To determine whether Cdk1 regulates Net1 localization or signaling in cells, we treated asynchronous HeLa cells with roscovitine for 2 hours, and then fixed and stained the cells for endogenous Net1, F-actin, and DNA. We tested for effects on F-actin content, as active RhoA promotes F-actin accumulation by stimulating mDia-dependent F-actin polymerization, by promoting actomyosin contraction, and by inhibiting cofilin-dependent F-actin severing [34, 35]. We observed that endogenous Net1 was localized to the cytoplasm and the mitotic spindle in metaphase cells (Fig. 4E). Interestingly, treatment with the Cdk1 inhibitor did not displace Net1 from the spindle. However, it did lead to a small but statistically significant increase in Net1 localization to the plasma membrane (Fig. 4E-G, left panels). Cdk1 inhibition also caused a robust increase in cortical F-actin staining (Fig. 4E-G, middle panels). These data suggest that Cdk1 displaces Net1 from the plasma membrane where it would otherwise activate RhoA and promote excess cortical actin polymerization.

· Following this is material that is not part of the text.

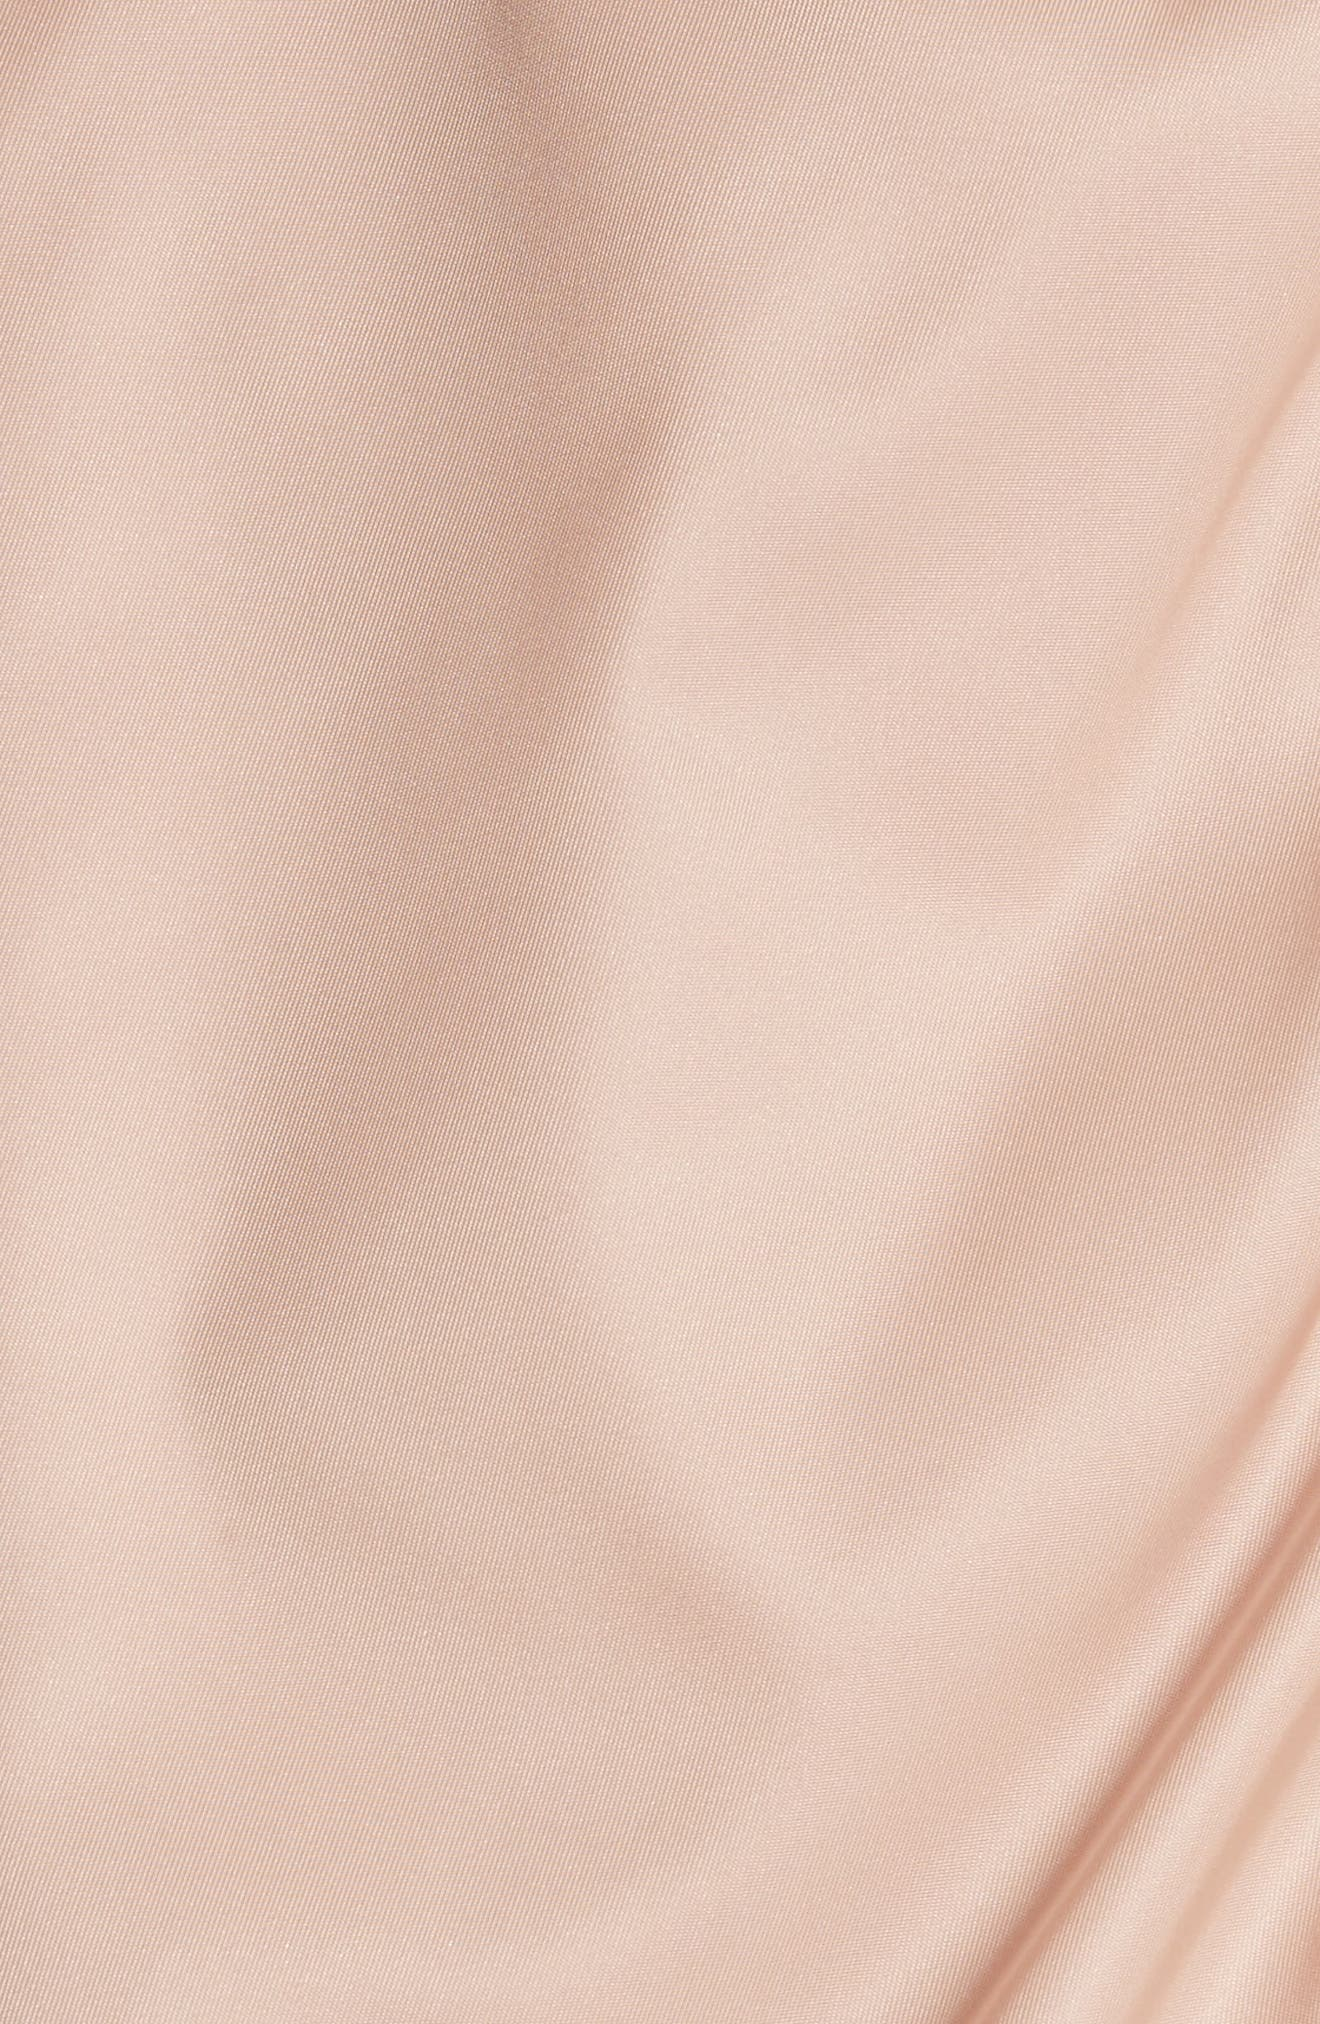 Aralia Layered Bomber Jacket,                             Alternate thumbnail 5, color,                             Pink

To determine whether overexpressed Net1 behaved similarly to the endogenous protein, HeLa cells were transfected with wild type HA-Net1 and then treated with vehicle or roscovitine for two hours. The localization of HA-Net1 and cortical F-actin content in metaphase cells were then quantified. Surprisingly, we observed that overexpressed HA-Net1 did not localize significantly to the mitotic spindle. However, the plasma membrane localization of HA-Net1 was increased by Cdk1 inhibition, and this was accompanied by an increase in cortical F-actin staining (Fig. 5A-C). Thus, overexpressed Net1 did faithfully recapitulate the effects of Cdk1 regulation on endogenous Net1 signaling to the actin cytoskeleton, which in interphase cells is a RhoA-dependent event [17, 18, 20] (Fig. 4).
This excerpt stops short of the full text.